Many clay and chemical additives such as alum, copper compounds, and chloramines are added in freshwater systems to flocculate and remove algal cells.
Algaecides, usually derived from aquatic herbicides, are used to treat algae, but they are costly and need frequent dosages to check the algal population.
Apart from controlling the algal growth, chemical additives and algaecides can have ill effects on the water ecosystem.
The added chemicals can rupture the algal cells and release harmful toxins into the water body that can cause fatalities of fish and marine life.
These chemicals may also accumulate over time and lead to other unwanted problems in the aquatic ecosystem.
Various biological agents like bacteria, viruses, and parasites have been used to treat algal blooms.
Gymnodinium mikimotoi have been used as algaecide to treat a dinoflagellate species.
Viruses are highly host-specific algaecide, which can effectively target a single species of algae.
However, such a process of biological control of one organism with other organisms can have deleterious effects on natural fauna and can replace the indigenous species with non-indigenous species.
Most of the algal blooms that occur in freshwater or near the sea coast are due to eutrophication by human activities.
To avoid the occurrence of algal blooms, it is preferable to take measures that do not encourage the creation of algal blooms.
The nuisance of HAB disrupting the water body over the years has led to monitoring of water quality that can help to forecast the possible algal bloom development and help strategize plans to tackle them.
Such proactive strategies can help in minimizing health risks and economic impacts due to algal blooms.
Detection of nutrient levels or identifying the presence of HABs from various locations of the water body can help in forecasting the possible algal bloom.
The local and state authorities can work together and design programs for monitoring and containing measures for water management.
Policies should be strictly followed on the usage of fertilizers for agriculture and the discharge of sewage water into the water body.

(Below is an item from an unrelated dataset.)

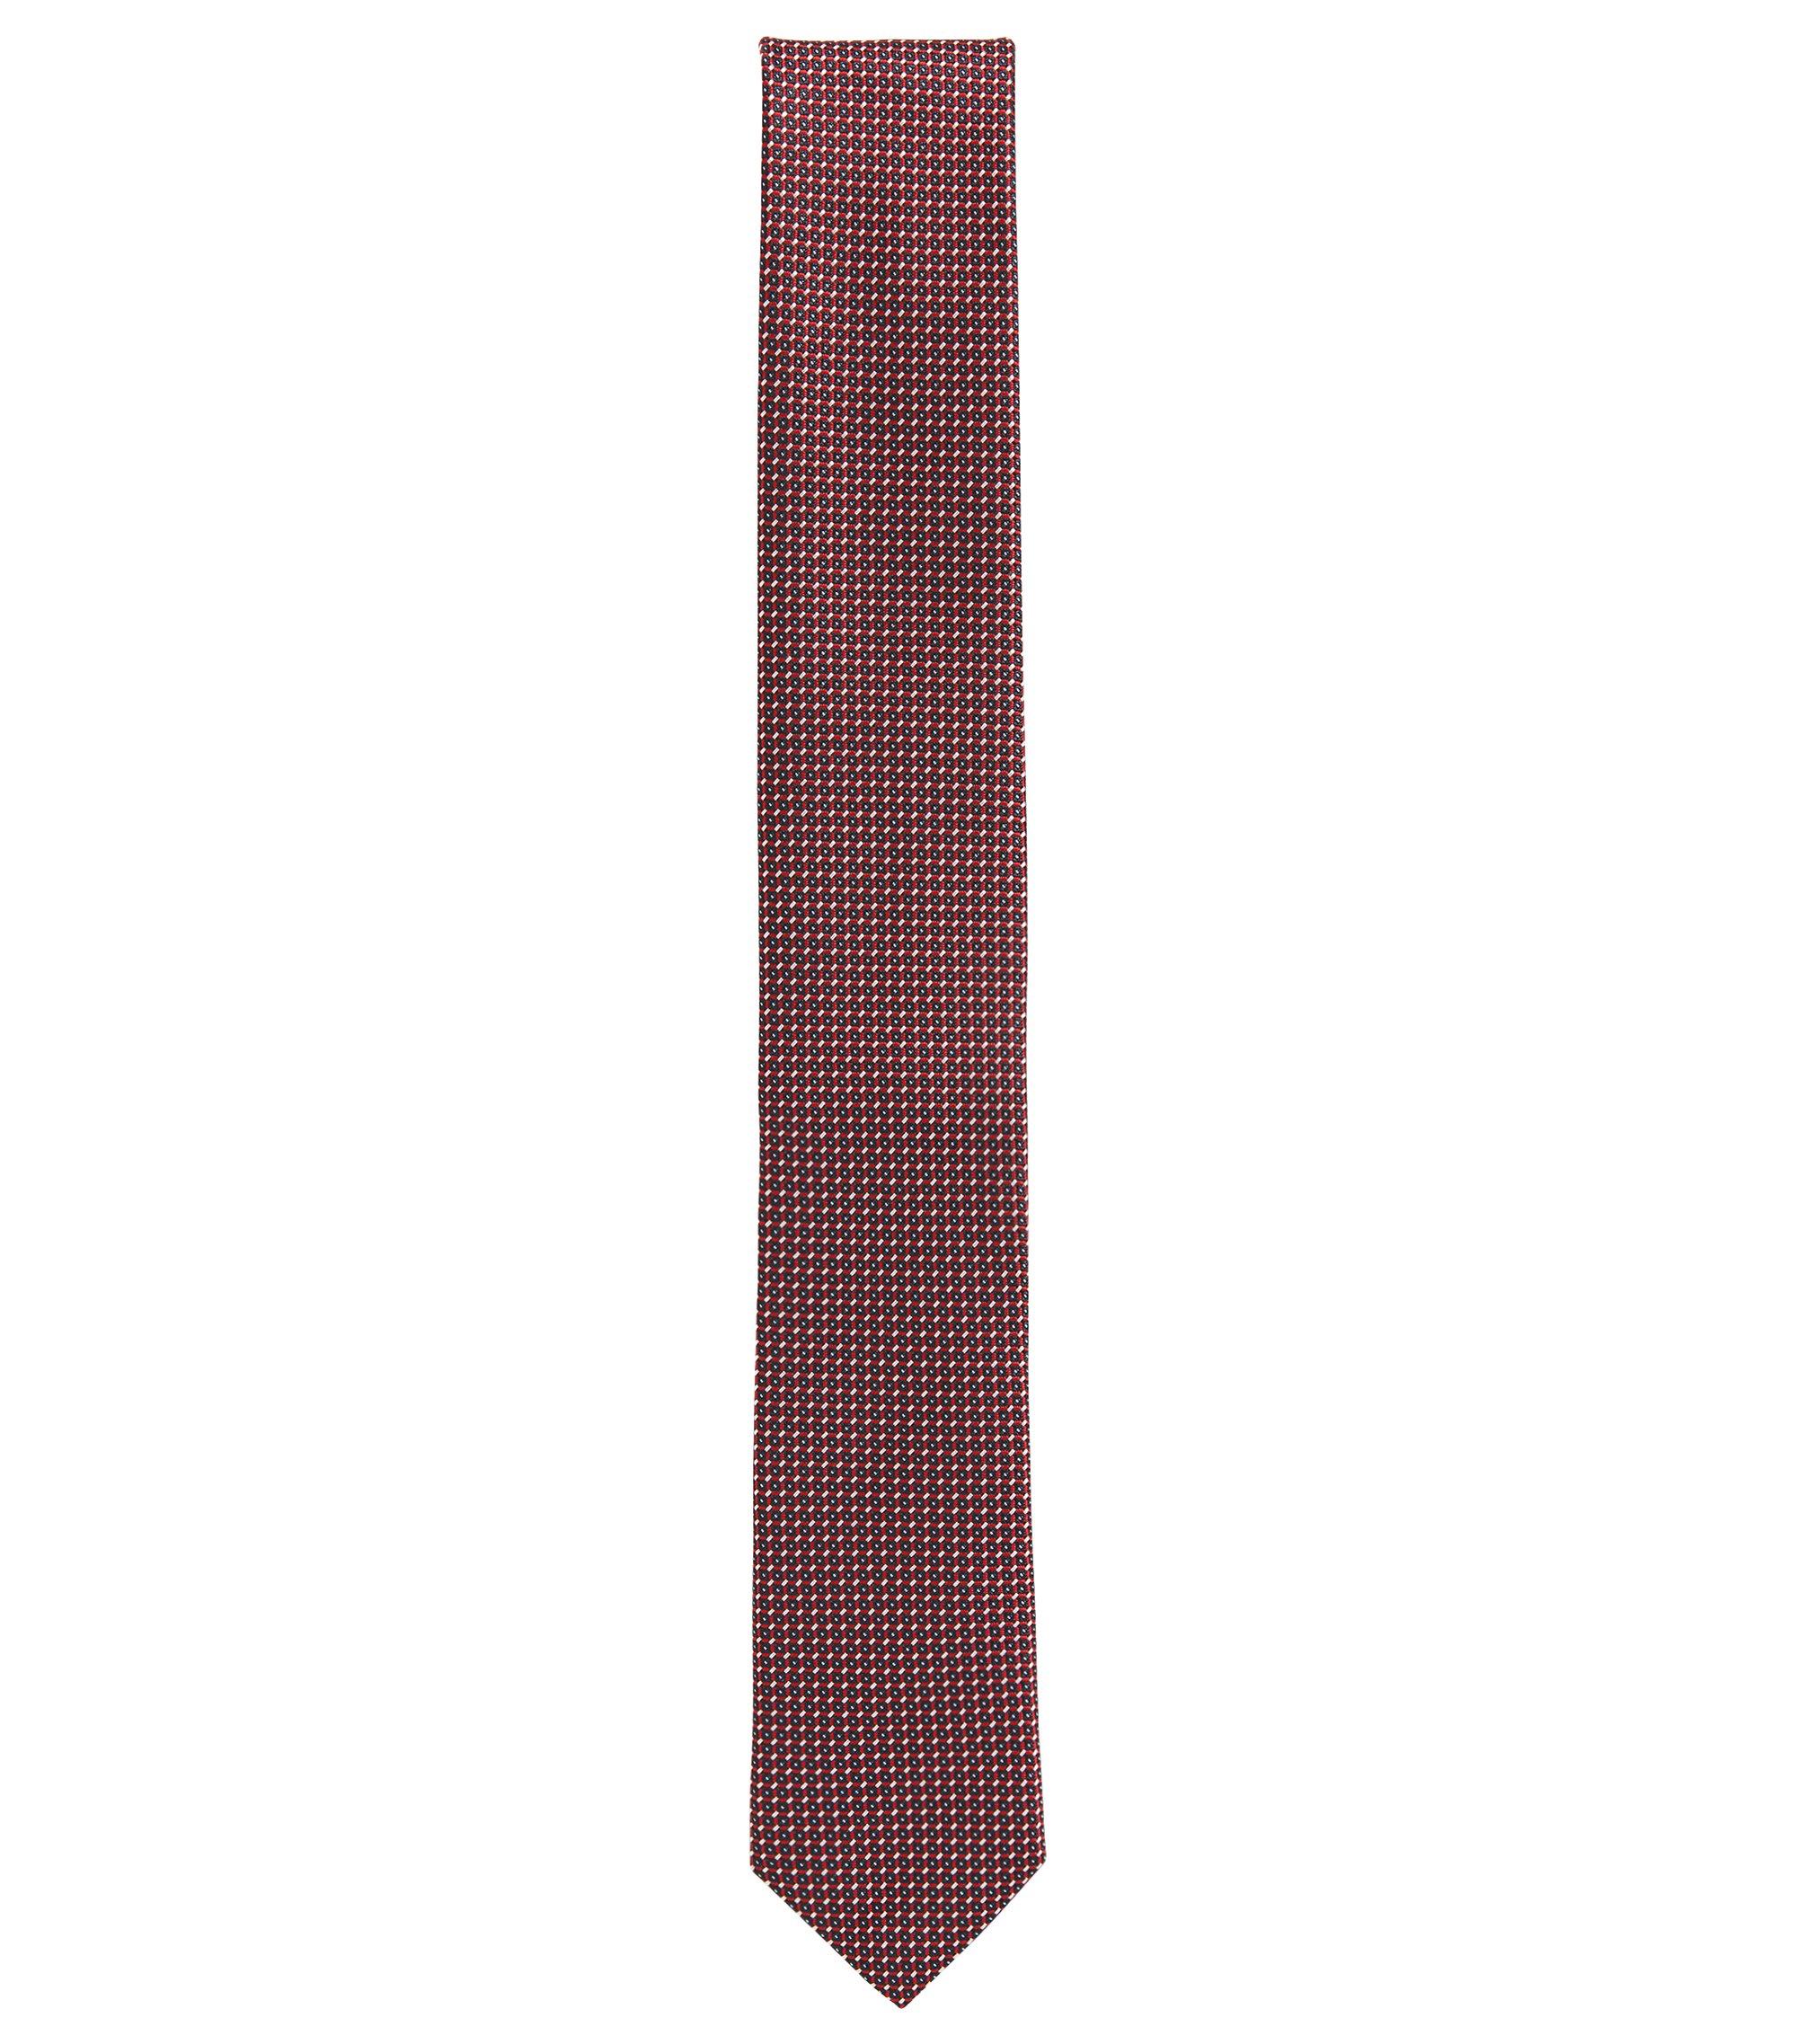 Corbata elaborada en Italia con jacquard de seda, Rosa oscuro

The landscape modification of regions across fresh water and coastal oceans allows easy nutrient input due to agricultural runoff into the water body, causing eutrophication.
The creation of barriers around the water body can avoid the entry of nutrient-rich water sources into the water ecosystem.

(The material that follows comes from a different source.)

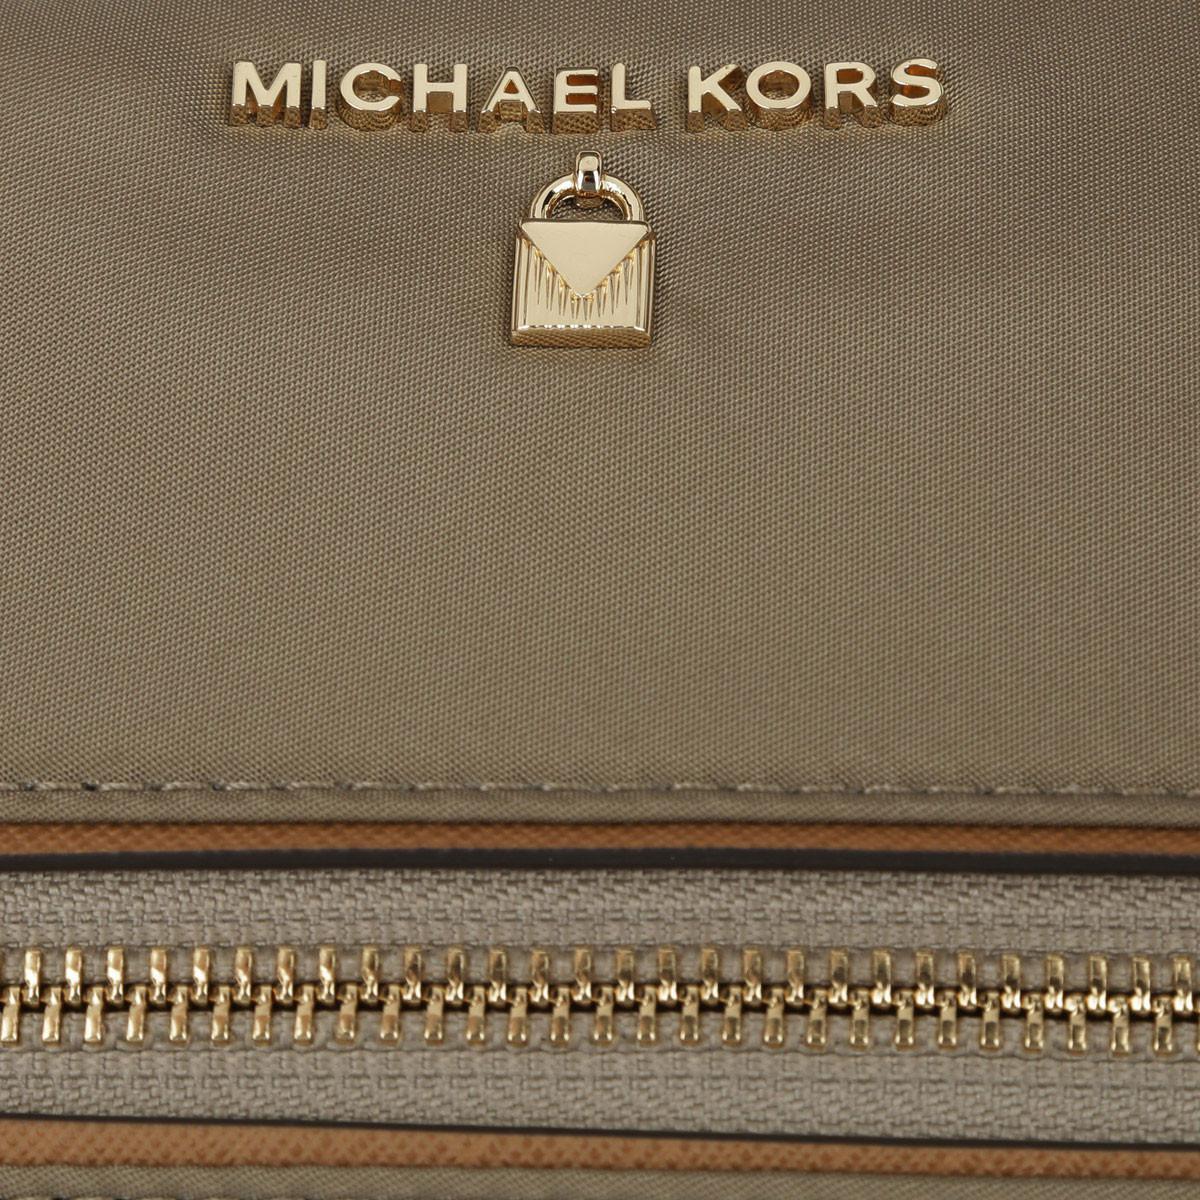 Michael Kors Synthetic Nylon Kelsey Md Tz Tote Dusk in Brown

Methods to contain the sources of nutrient runoff like nitrogen and phosphorus from fertilizers should be implemented.
Methods like drip irrigation can help in the focused application of fertilizers, avoiding any traces of nutrients for run-offs.
Implementing wastewater treatment strategies in industries for biological nutrient removal before its discharge into the water bodies can reduce the nutrient concentration into water bodies.
Beneficial bacteria can be used as part of an eco-friendly and natural pond bioremediation strategy for effective lake cleaning products.
The logic behind using these bacteria is simple. Bacteria feed on suspended nutrients and organic sludge in water bodies.
They also utilise nitrates and phosphates for growth, making them unavailable for algae & aquatic plants and naturally curbing eutrophication.
Once the nutrients in the water are reduced, the bacteria become dormant and stop activity.
They naturally activate and multiply once there is an influx of nutrients, and the cycle restarts itself.
The bacteria naturally adapt themselves to the pond ecosystem and reduce the frequency of treatment.
This is why bioremediation strategies remain one of the best options to curb the menace of algal blooms.